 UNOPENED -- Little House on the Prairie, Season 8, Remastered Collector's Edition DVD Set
--
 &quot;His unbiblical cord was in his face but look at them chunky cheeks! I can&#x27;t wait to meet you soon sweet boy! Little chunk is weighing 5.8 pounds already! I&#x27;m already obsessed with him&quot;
* * *
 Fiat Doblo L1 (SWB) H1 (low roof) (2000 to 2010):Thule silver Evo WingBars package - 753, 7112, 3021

» Problem to solve
Go through the material and copy each line that contains "Little".

» Expected answer
 UNOPENED -- Little House on the Prairie, Season 8, Remastered Collector's Edition DVD Set
 &quot;His unbiblical cord was in his face but look at them chunky cheeks! I can&#x27;t wait to meet you soon sweet boy! Little chunk is weighing 5.8 pounds already! I&#x27;m already obsessed with him&quot;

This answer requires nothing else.